NEW YORK: The United Nations today launched its Sustainable Development Goals Report 2025, offering a sobering yet solution-oriented assessment of global progress toward the 2030 Agenda. UN Secretary-General António Guterres and Under-Secretary-General for Economic and Social Affairs Li Junhua jointly addressed the media, calling for urgent collective action to avert a looming development crisis.
“We are now ten years into our collective journey toward the 2030 Agenda,” said Secretary-General Guterres. “There are achievements worth celebrating — more people with access to electricity, education, and social protection. But let’s be clear: we are not where we need to be.”
According to the report, only 35 percent of SDG targets are on track or showing moderate progress, while nearly half are progressing too slowly and 18 percent are regressing. The Secretary-General described the situation as a “global development emergency,” citing over 800 million people still living in extreme poverty, rising climate impacts, and crushing debt burdens as major obstacles.

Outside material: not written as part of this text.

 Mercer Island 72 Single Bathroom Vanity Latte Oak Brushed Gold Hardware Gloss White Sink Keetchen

Guterres emphasized the urgent need to scale up investment in healthcare, education, and digital access, while highlighting the role of responsible artificial intelligence and gender equity. “Progress is impossible without unlocking financing at scale,” he said, referencing the recent Sevilla Commitment as a step toward reforming the international financial architecture and tripling the lending capacity of multilateral development banks.

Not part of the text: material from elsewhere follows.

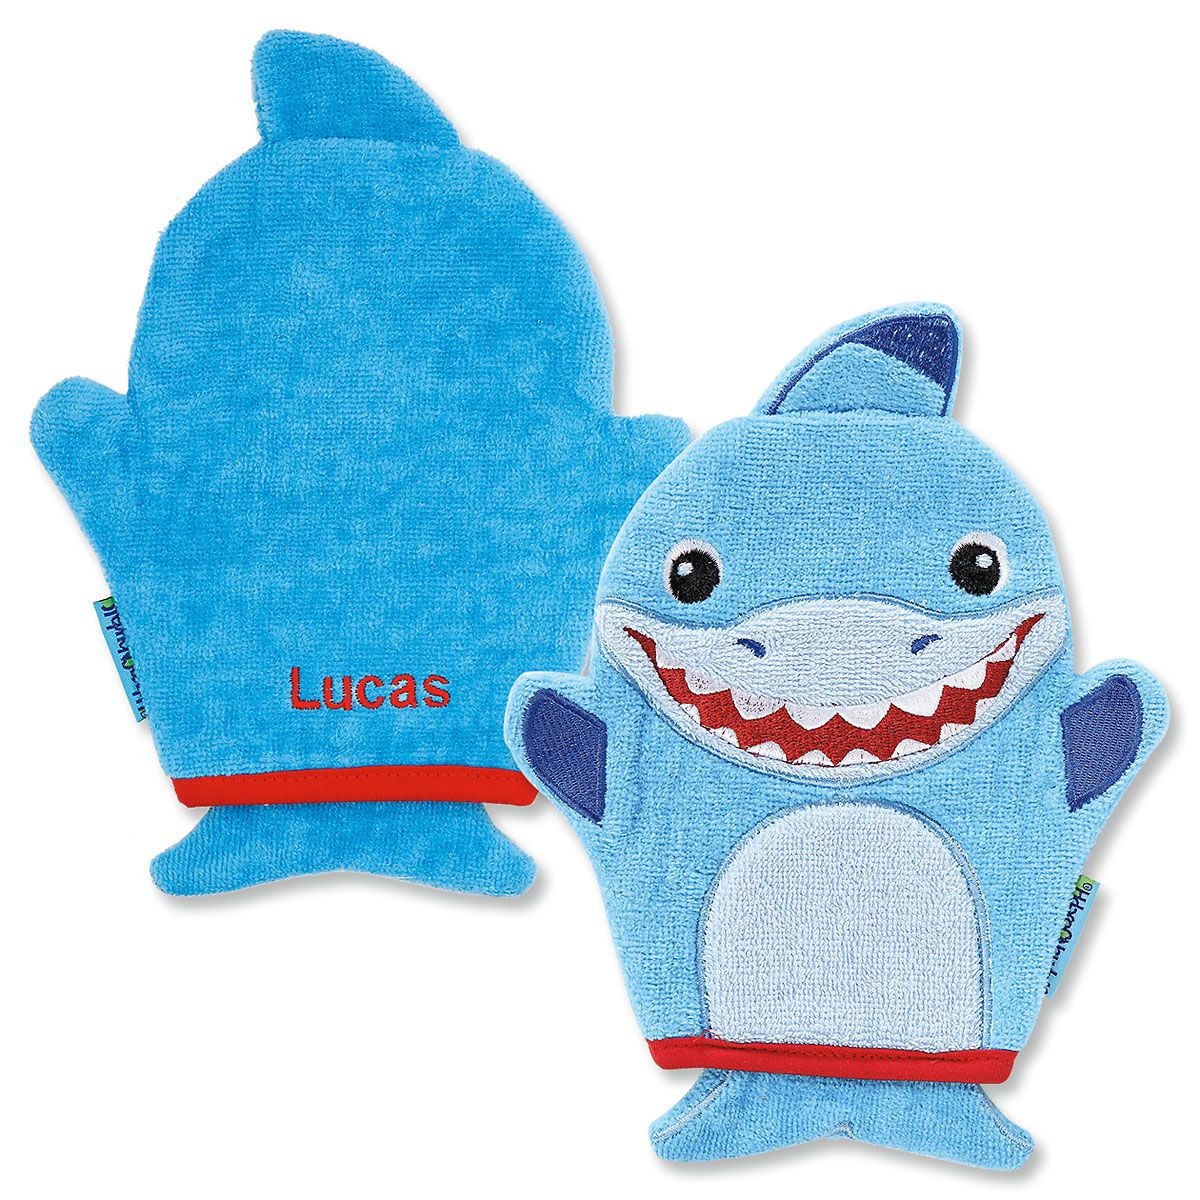 Personalized Shark Bath Mitt by Stephen Joseph®

Touching on the global conflict landscape, Guterres drew attention to the interlinkages between development and peace. He reiterated calls for a ceasefire in Gaza, continued stability between Iran and Israel, peace in Ukraine based on the UN Charter, and an end to the violence in Sudan and other conflict zones. “Sustainable peace requires sustainable development,” he noted.
Following Guterres, Under-Secretary-General Li Junhua detailed both achievements and ongoing challenges. Notable progress includes:
• A 40% decrease in new HIV infections since 2010
• Over 12 million lives saved through malaria prevention since 2000
• Elimination of at least one neglected tropical disease in 54 countries
• Enrollment of an additional 110 million children in school since 2015
• Electricity access reaching 92% of the global population
• Global internet usage increasing by 70% since 2015
“These are not just statistics, they are stories of lives transformed,” Li said. However, he cautioned that escalating conflict, climate instability, and a $4 trillion annual SDG financing gap in developing countries are significantly stalling progress.

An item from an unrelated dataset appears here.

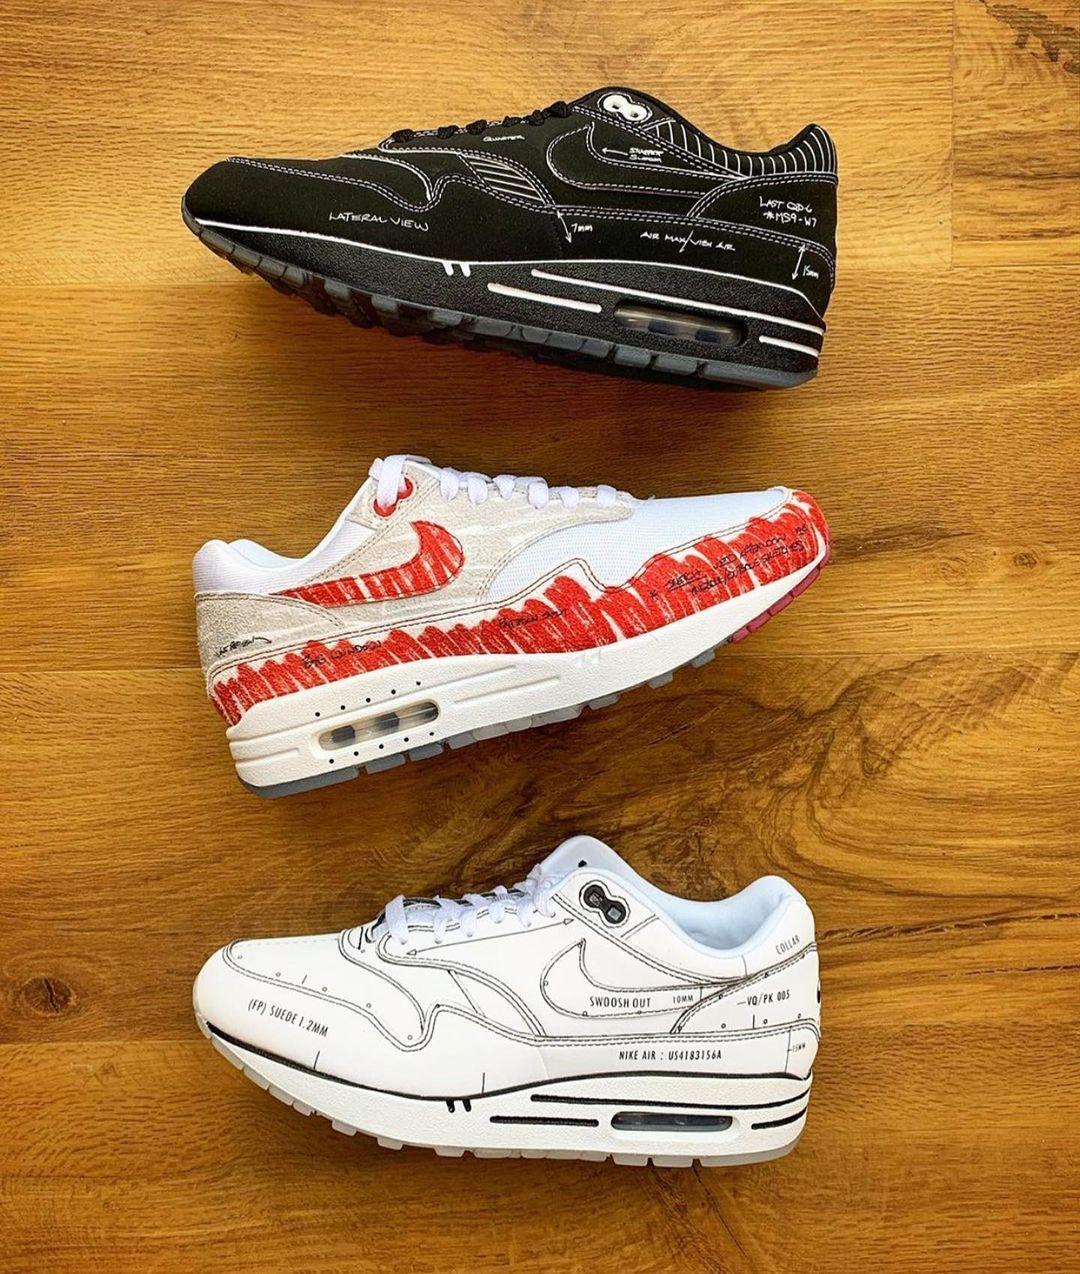 Nike Air Max - opus42.com

Li identified six key “transitions” needed to drive progress: in food systems, energy, digital access, education, jobs, and climate. He urged countries to act decisively in upcoming global forums including the High-Level Political Forum, the World Social Summit, and the Second Food Systems Stocktake Summit.
Despite mounting challenges, the report concludes that the SDGs are still within reach, but only if the global community acts with “urgency, unity, and unwavering resolve.”